People exercise. Well, most everyone I know does, so most people must. Right? Well, according to a recent report from the Department of Health and Human Services [HHS], my friends and I (and all of you I'm sure) are really in the minority. In fact this study shows that a whopping seven out of 10 people do not get enough exercise.
An even more disturbing bit of news from HHS is that recent estimates indicate that 38.8 million adults are considered obese (meaning their body fat is 20 percent above desirable weight), and, in addition, there has been an increase in body fat levels in children and youth over the past 20 years. All of this in the face of increased awareness of exercise, low-carb diets, and even fat-free Twinkies.

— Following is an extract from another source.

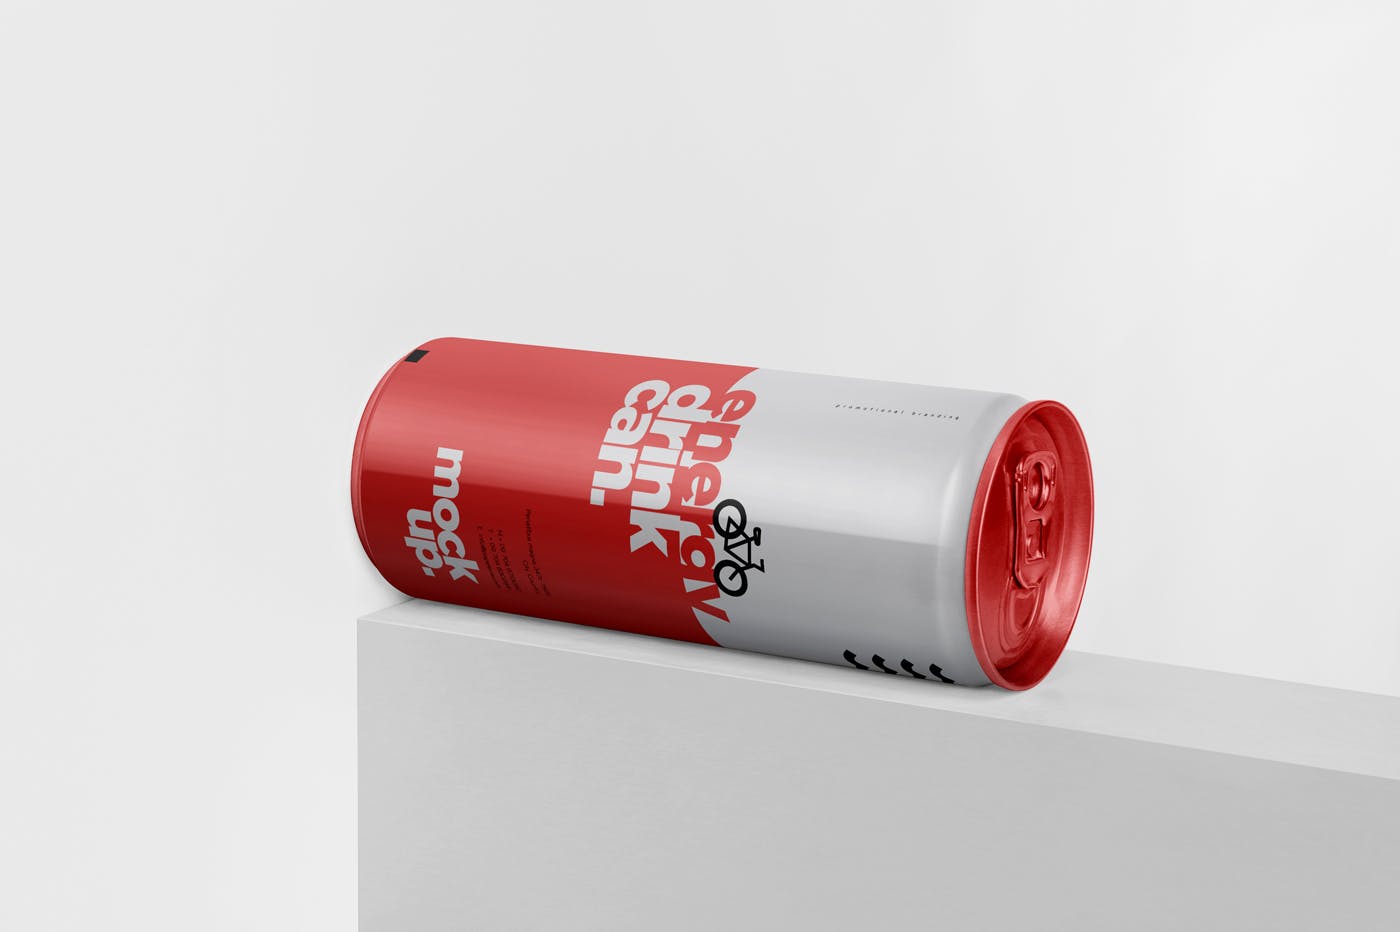 能量饮料易拉罐罐头外观设计第一素材精选模板 Energy Drink Can Mock-Up – 250 ml插图(2)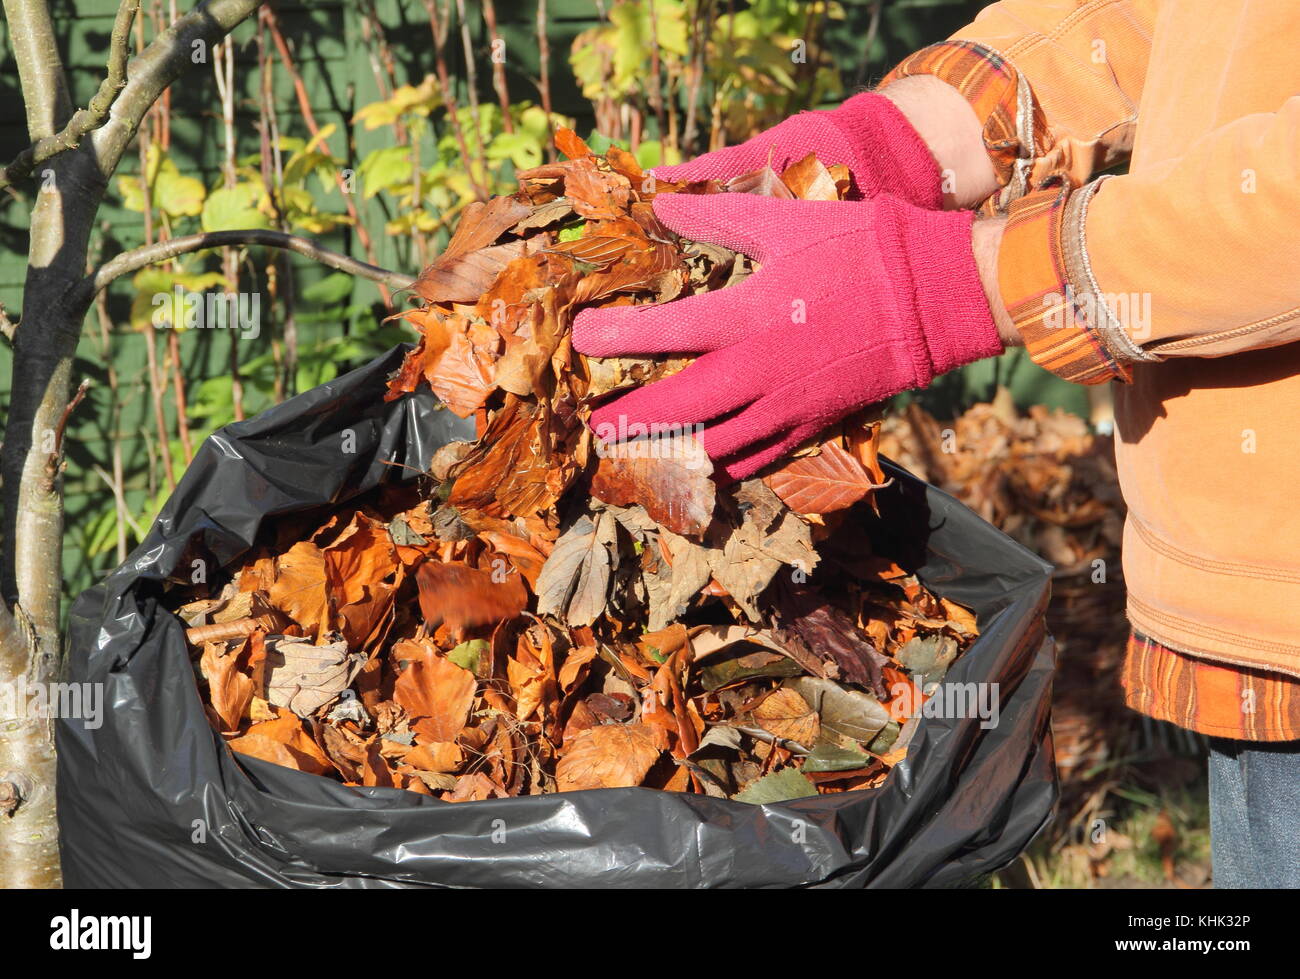 Abgefallene Blätter sind in eine schwarze Plastiktüte verpackt Blattform im späten Herbst/Winter (November), im Englischen Garten, Großbritannien Stockfoto

OK, so we've found out through these sobering statistics that more people are sitting on their couch than on an exercise bike. That is a good thing. Yes, you read that right. Well, not the fact that these people are not taking care to make themselves healthy, but, the fact that as an industry, fitness is fairly successful (or so we believe), while only bringing in 30 percent of its possible audience. Unless you are playing baseball, hitting .300 is pretty low [heck, Mike Piazza leads all active hitters with a .325 lifetime batting average — higher than the fitness industry]. If health clubs are thriving and growing with these numbers, just imagine the potential success when the fitness industry somehow taps into the audience that is just sitting there (quite literally) and gets them involved and enrolled in fitness facilities.
Ah, there's the rub. How is the industry going to do that? I don't have the answer. I wish I did (since it no doubt would pay better than editing a magazine). But I believe that it is possible. Of course, we won't get everyone into the clubs — or even working out at home — just like we won't get everyone to eat right or stop smoking, including current members and some staffers (you know who you are).
But I believe that if the industry — that includes clubs, vendors, retailers and anyone connected to making a living by encouraging fitness — was to work together on a campaign to encourage fitness (think of the pork industry, it has the country convinced it offers health food) and, in turn, use of health clubs, that number could rise to 50 percent or higher. Now, batting .500, that's impressive, and, more importantly, profitable.